Podziekowania dla wszystkich co mi pomagali!!
#2 OFFLINE
Napisany 19 maja 2007 - 20:27
Chciałem właśnie spytać czy ktoś z klubowiczów nie zaoferował jakiejś pomocy bo to jest po prostu tragedia. Współczuję stary, choć swoją drogą mogłeś zadzwonić po kogoś z ekipy by Cię pociągnęli albo zostawić autko i zabrać się z kimś do lidzbarka i w drodze powrotem zabrać auto do domu a potem martwić się o nie.

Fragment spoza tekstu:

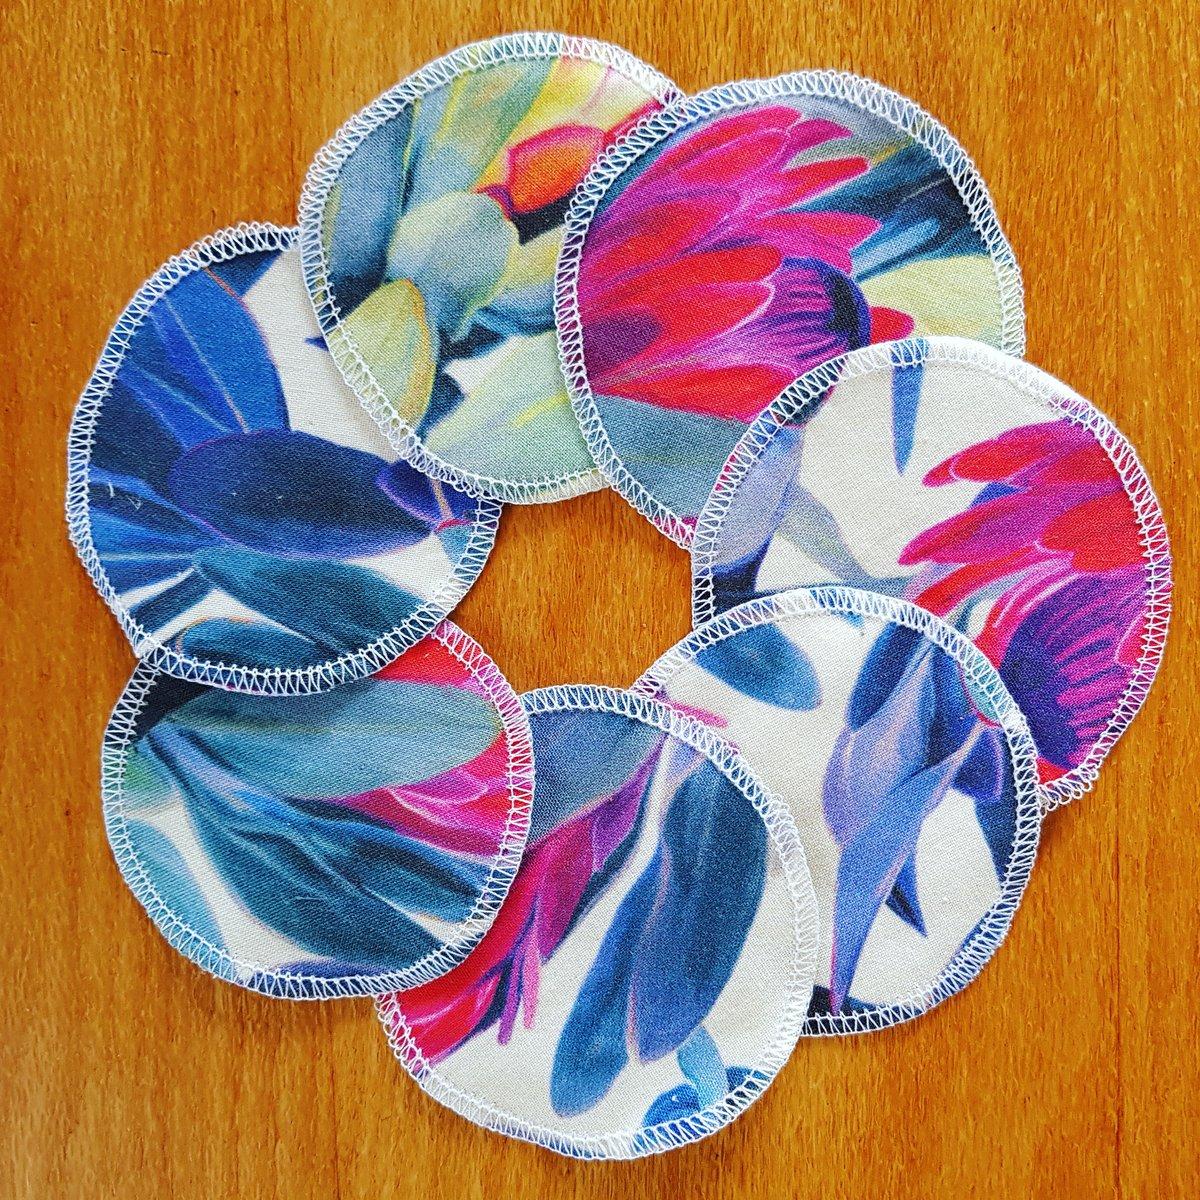 Image of Washable Make-Up Circles

Z drugiej strony dobrze, że masz już wszystko gotowe.
:(:( To ci Oma no
#3 OFFLINE
Napisany 19 maja 2007 - 20:34
Piter chcial mnie ze soba zabrac, a ome zostawic w warsztacie (w innym niz naprawiali) ale tam dopiero zajeliby sie omega w poniedzialek, a ja nie chcialem zostawiac jej samej . Akurat nikt z nas nie mial linki holowniczej, a ciagnac ja kolejne 200km (moze troszke mniej) nie mialo raczej sensu.O cholera! Jaki niefart!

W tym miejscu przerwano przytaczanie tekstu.